A man who died during a rockfall at Grange Resources' Savage River mine in 2017 had not worked on a mine site before the incident that claimed his life.
Mine manager Matthew Anderson told an inquest into the death of Nathaniel Owen Beesley in March 2017 that the contracted worker was part of a team of four who had been tasked to scale a mine wall to ensure its safety.
Mr Anderson said Mr Beesley and another man had not scaled a mine wall before though Mr Beesley had experience with abseiling due to his time in the army.
Mr Beesley, former British Royal Marine, had been employed by mining engineering firm SRG while he was awaiting entry into the Australian forces.
Mr Anderson said the team Mr Beesley was a part of had replaced another team who had undertaken mine scaling, but had been relieved of their work due to fatigue.
"The assessment of the team was that they were tired and they needed to take time off," Mr Anderson said.

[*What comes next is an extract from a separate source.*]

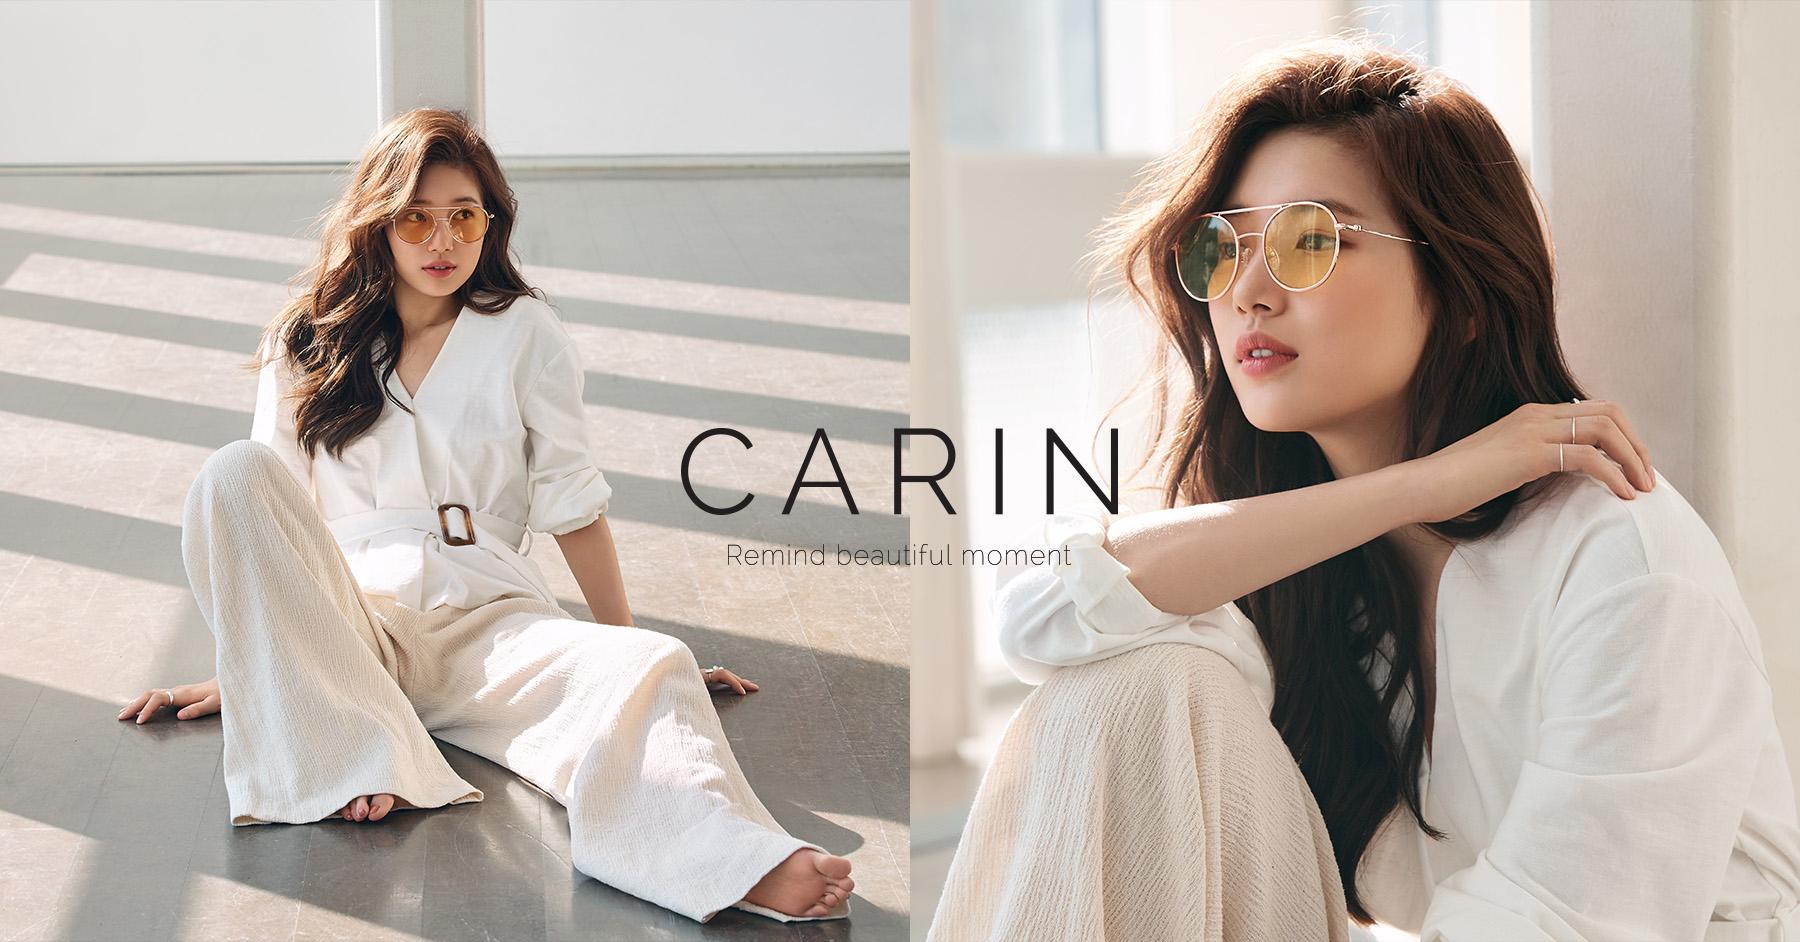 韓國CARIN墨鏡秀智代言|韓劇《浪客行》又譯《浪行驚爆點》同款墨鏡

"There had been a number of incidents and they were all a bit flustered."
He said that team had expressed concerns about an overhanging rock on the mine's wall.
Mr Anderson said a radar system to monitor rock movements could not warn of rockfalls of 250 to 300 tonnes.

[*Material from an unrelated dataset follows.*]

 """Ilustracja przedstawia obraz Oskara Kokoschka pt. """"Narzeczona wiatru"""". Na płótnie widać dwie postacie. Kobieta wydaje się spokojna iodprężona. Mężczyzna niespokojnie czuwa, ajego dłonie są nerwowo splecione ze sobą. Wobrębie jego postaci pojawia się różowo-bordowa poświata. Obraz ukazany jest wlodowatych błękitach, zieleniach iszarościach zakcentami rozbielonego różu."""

"In context, we've had a number of rockfalls on that wall that have been over one million tonnes and for those large rockfalls, the radar is very effective," he said.

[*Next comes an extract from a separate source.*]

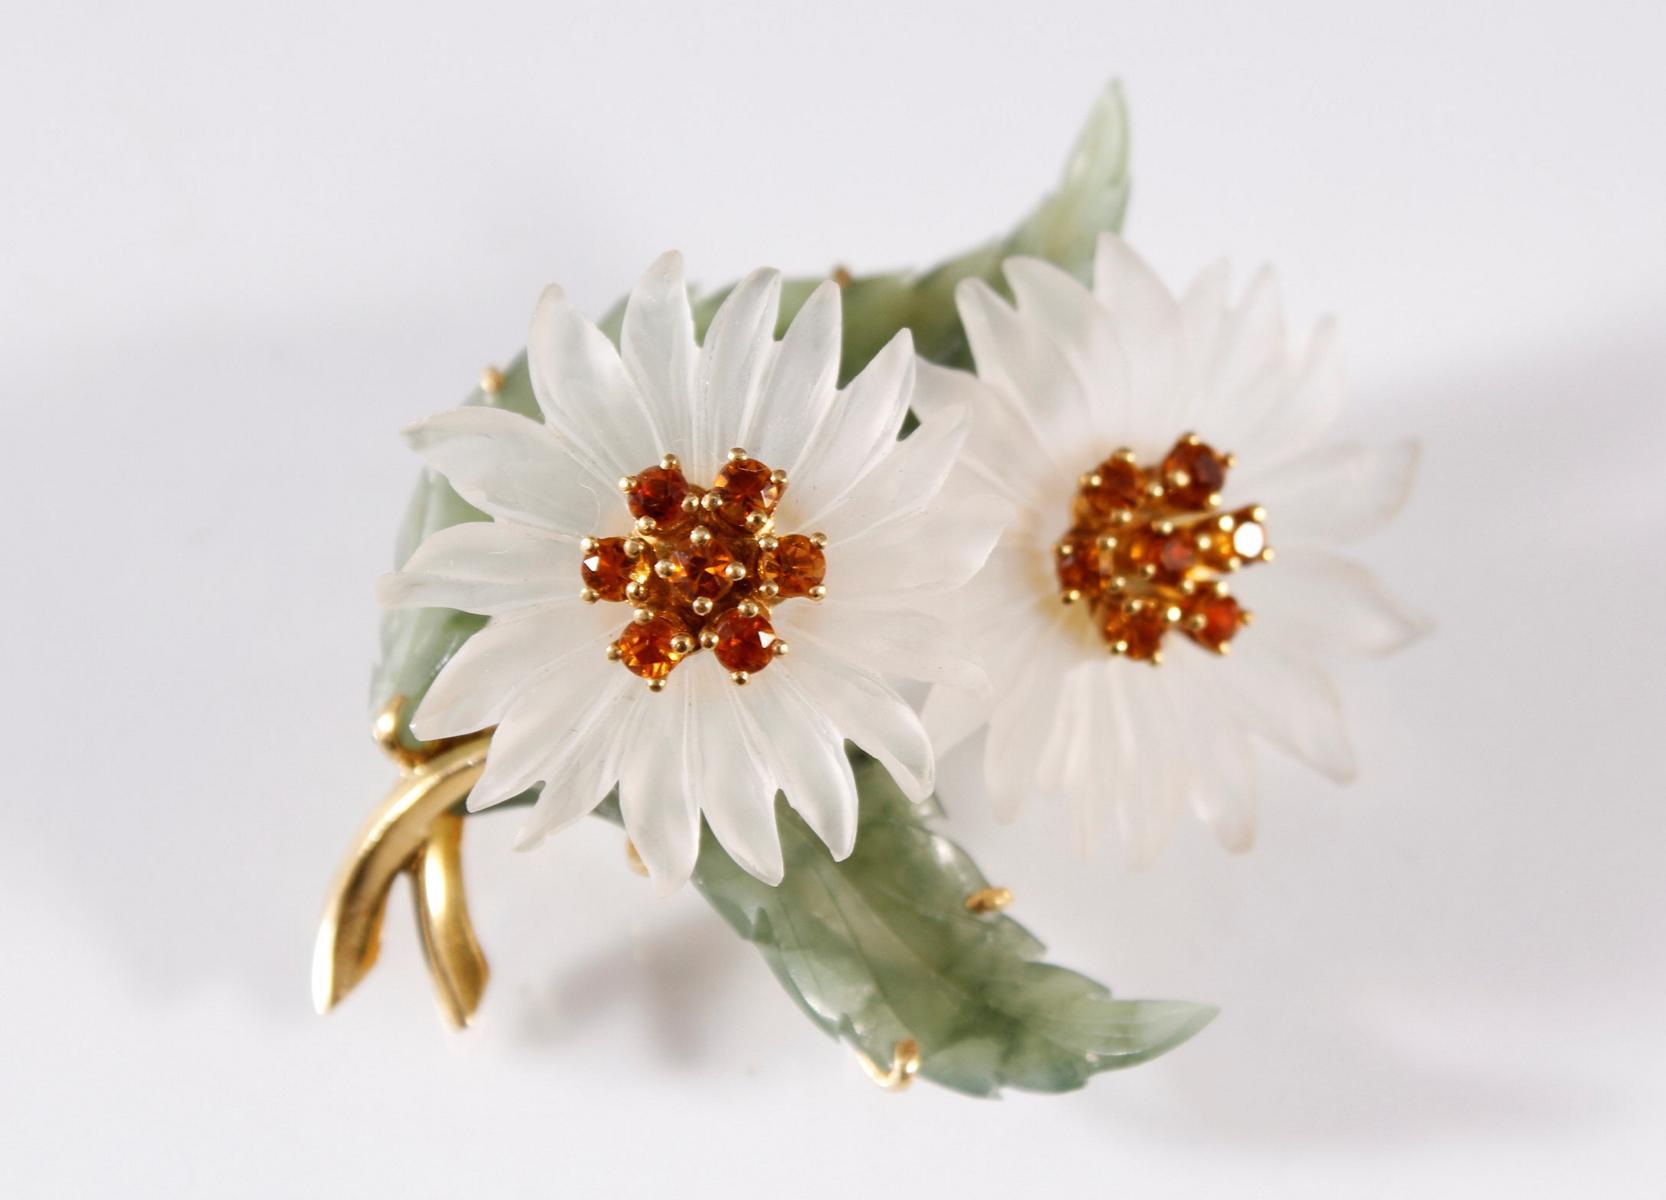 Brosche in Blütenform aus Jade, Kristall und Citrinen, Fassung aus 18 kt Gelbgold

Mr Anderson during the hearing expressed condolences on behalf of Grange Resources to Mr Beesley's widow Katie who was seated in the court.
Mine safety officer Gilbert Charles in his evidence said he had not seen a rockfall like the one that killed Mr Beesley in 40 years working in mines as it had come without warning.
An email produced in court showed that Mr Charles was uneasy about the scaling operation due to its risk.
"To me, the project had a scary side to it," Mr Charles said when asked about the email.
"In my opinion, the sooner it was done and dusted, the happier I'd feel."
The inquest will continue on Wednesday.